● **YOUR OBJECTIVE**
From the listing below, reproduce word for word the part that opens with the line containing "8910DPA43V02 - Square D - Contactor" and closes with the line containing "Nome do produto: Camiseta NMRK minimalista"; reproduce nothing else.

● **EXERCISE DATA**
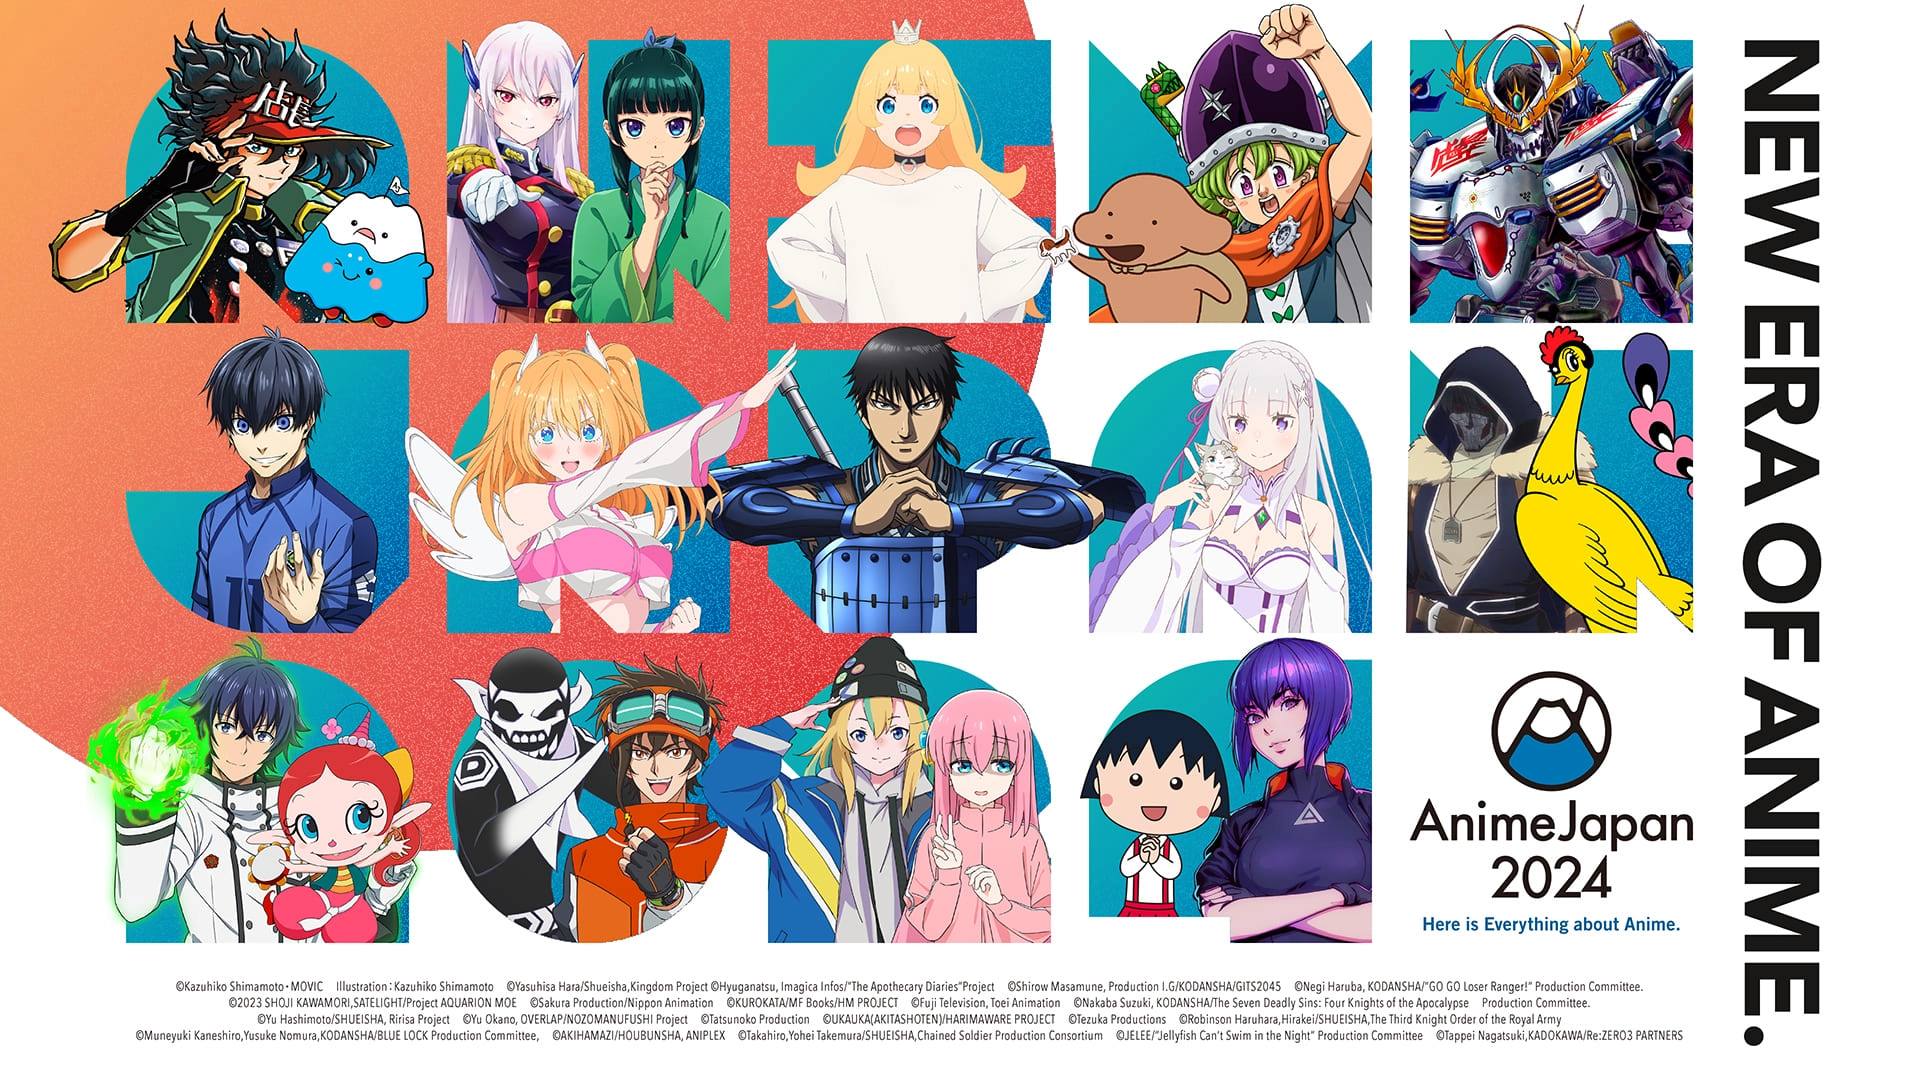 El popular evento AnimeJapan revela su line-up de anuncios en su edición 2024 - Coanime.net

...

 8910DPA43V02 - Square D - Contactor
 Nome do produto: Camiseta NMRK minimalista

● **SOLUTION TO THE PROBLEM**
 8910DPA43V02 - Square D - Contactor
 Nome do produto: Camiseta NMRK minimalista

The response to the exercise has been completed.